Cassulo, bu yaklaşımın aynı zamanda uygun fiyatlı, güvenilir ve giderek daha temiz enerji sağlama stratejileriyle de tamamen uyumlu olduğunu sözlerine ekledi.
GÜP kapsamında yüzer üretim ünitesi ve boru hattı inşa edilecek
Onaylanan Geliştirme ve Üretim Planı kapsamında, Kıbrıs MEB’inde (Münhasır Ekonomik Bölgesi) bir Yüzer Üretim Ünitesi (FPU) kurulması ve doğalgazı Mısır’a taşıyacak bir boru hattı inşa edilmesi planlanıyor. GÜP’te yapılan bu önemli değişiklikler, Afrodit projesi için Ön Uç Mühendislik ve Tasarım (FEED) çalışmalarının hızlandırılmasını ve nihai yatırım kararının kısa süre içerisinde alınmasını hedefliyor.

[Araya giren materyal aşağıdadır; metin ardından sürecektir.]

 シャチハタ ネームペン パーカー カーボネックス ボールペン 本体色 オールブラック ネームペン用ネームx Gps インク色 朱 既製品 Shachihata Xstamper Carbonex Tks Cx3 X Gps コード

Hristodoulidis’den ‘Mısır ile stratejik ortaklık’ vurgusu
Doğu Akdeniz gazıyla ilgili olarak bu baş döndürücü gelişmeler yaşanırken Kıbrıs Cumhurbaşkanı Nikos Hristodoulidis, Mısır Haber Ajansı MENA’ya yaptığı açıklamada, Kıbrıs ve Mısır arasındaki ilişkilerin stratejik öneme sahip olduğunu vurguladı.
İki ülke arasındaki enerji işbirliğinin, Mısır elektrik şebekesinin Kıbrıs ve Yunanistan üzerinden Avrupa’ya bağlanması projesiyle daha da perçinleneceğini ve Mısır’ı bölgesel ve küresel anlamda önemli bir enerji merkezi haline getireceğini kaydeden Kıbrıslı Rum lider ayrıca, Mısır’ın Gazze’deki ateşkes çabalarına Kıbrıs’ın güçlü bir şekilde destek verdiğini ve bölgedeki istikrarın sağlanması için Mısır ile sürekli koordinasyon halinde olduklarını belirtti.

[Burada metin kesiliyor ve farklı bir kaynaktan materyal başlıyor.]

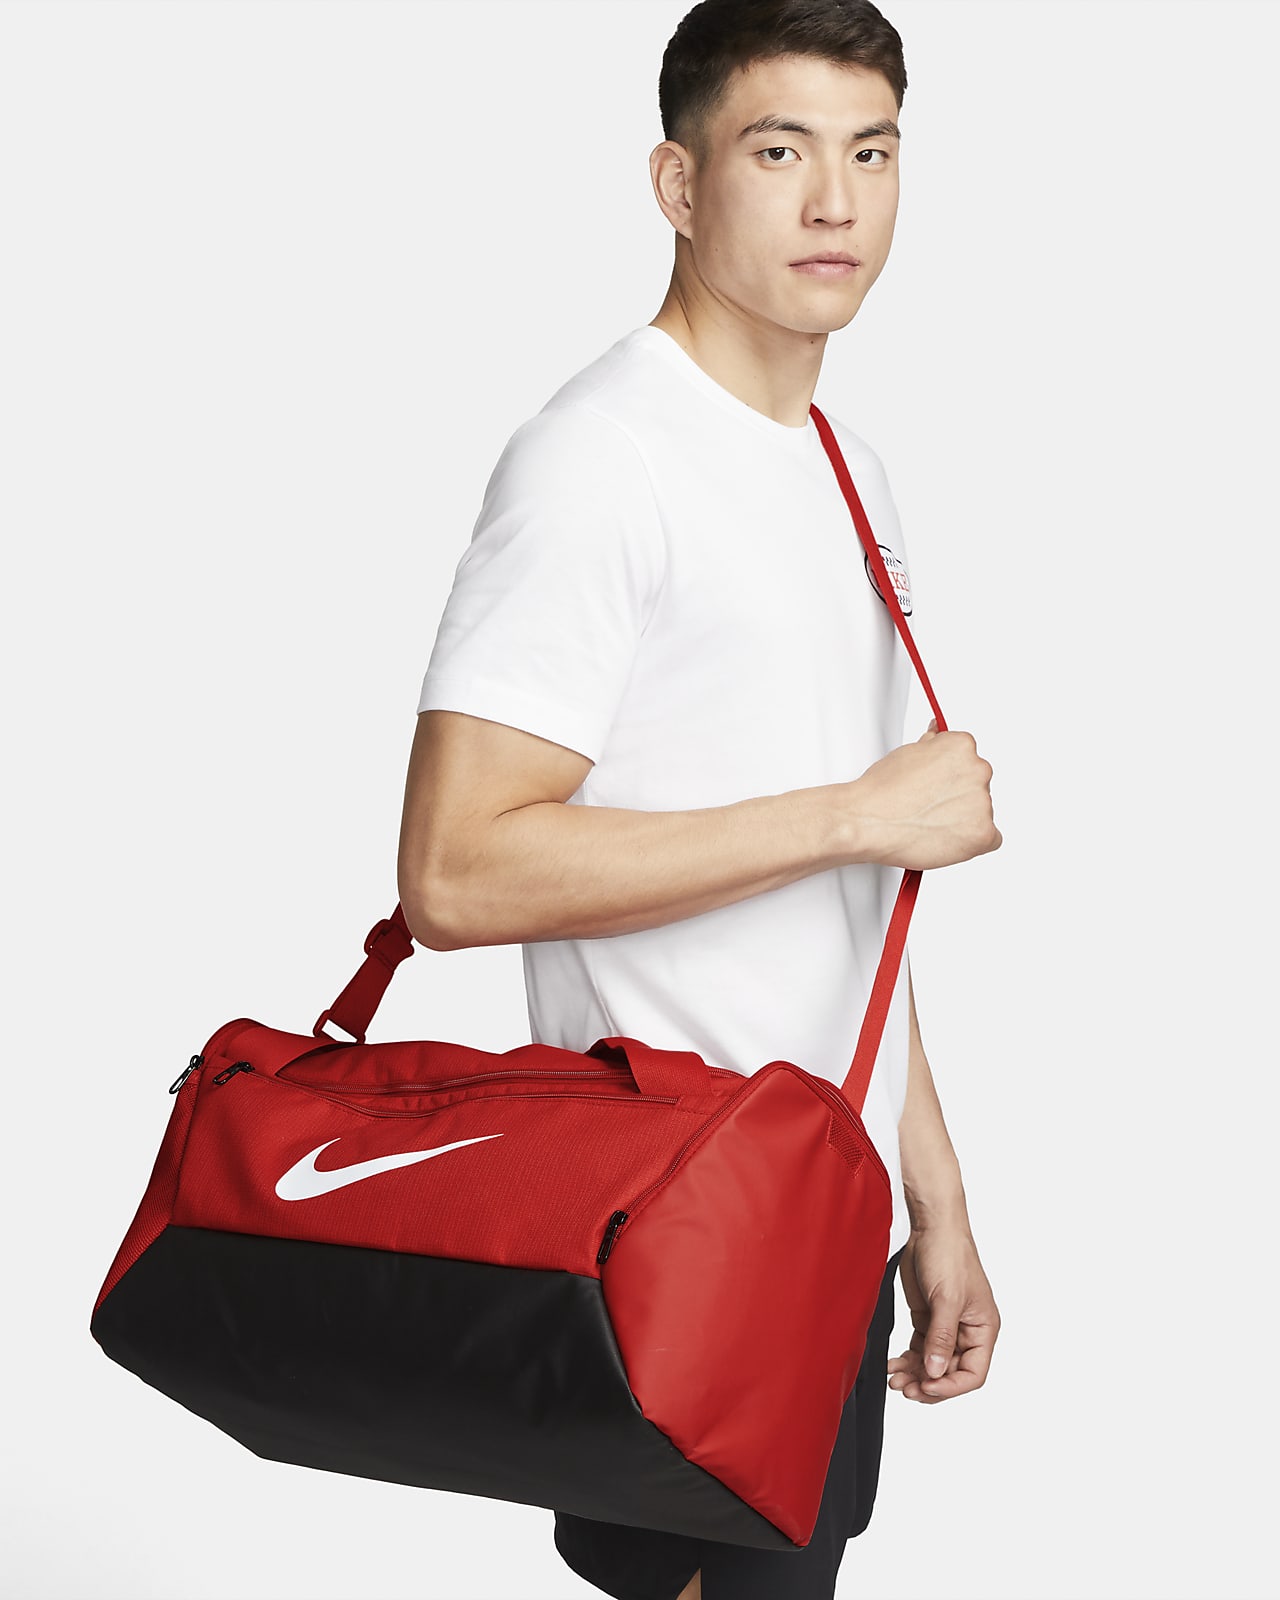 Τσάντα γυμναστηρίου για προπόνηση Nike Brasilia 9.5 (μέγεθος S, 41 L)

Türkiye’nin şerhi gündemdeki yerini koruyor
Doğu Akdeniz’deki doğalgaz kaynakları konusundaki hak iddialarını uzun süredir dillendiren Türkiye, bölgedeki enerji projelerinden dışlanmasına karşı çıkıyor. Kıbrıs Cumhuriyeti’nin tek başına münhasır ekonomik bölge (MEB) ilan etme yetkisine sahip olmadığını savunan Ankara, Kıbrıslı Türklerin de kaynaklar üzerinde eşit hak sahibi olduğunu vurguluyor.
Geçmişte, Kıbrıs adası çevresinde sismik araştırmalar yaparak ve sondaj gemileri göndererek bölgedeki varlığını hissettiren Ankara, Doğu Akdeniz’in enerji rezervleri için uluslararası bir toplantının düzenlenmesi fikri üzerinde duruyor.

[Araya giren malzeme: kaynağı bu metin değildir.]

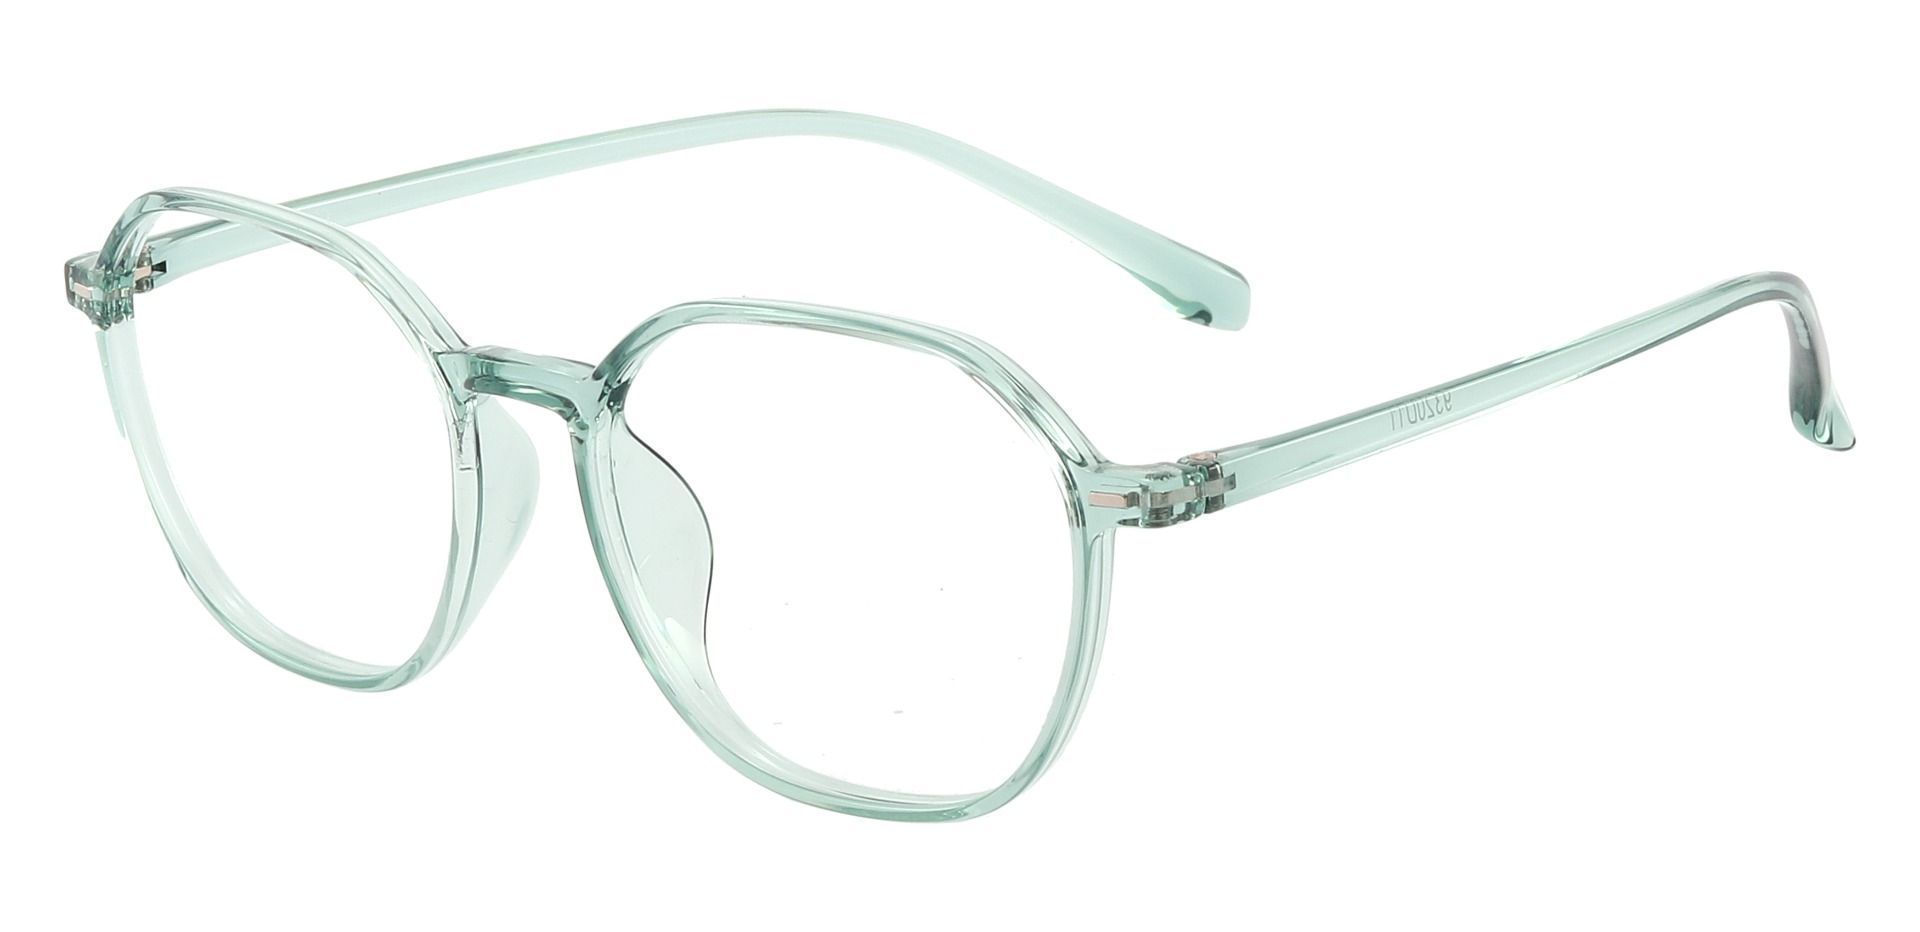 Detroit Geometric Eyeglasses Frame - Green

Yeni Kıbrıs-Mısır anlaşması, Türkiye tarafından Doğu Akdeniz’deki enerji denkleminde bir kez daha ‘bypass’ edildiği şeklinde yorumlanabilir. Ankara, bu tür anlaşmaların Kıbrıslı Türklerin haklarını göz ardı ettiği ve bölgesel istikrarı tehdit ettiği yönündeki ısrarını sürdürüyor. Türkiye’nin, Doğu Akdeniz’deki enerji kaynakları üzerindeki hak iddiaları ve bu konudaki aktif politikası, bölgedeki enerji projelerinin geleceği açısından önemli bir faktör olmaya devam ediyor.
Diğer yandan Kuzey Kıbrıs da geçmiş dönemde kamuoyuyla paylaştığı ilgili resmi açıklamalarda enerji konusunda Ankara-Lefkoşa ikilisinin ‘bypass’ edilmesine izin verilmeyeceği mesajını vermişti.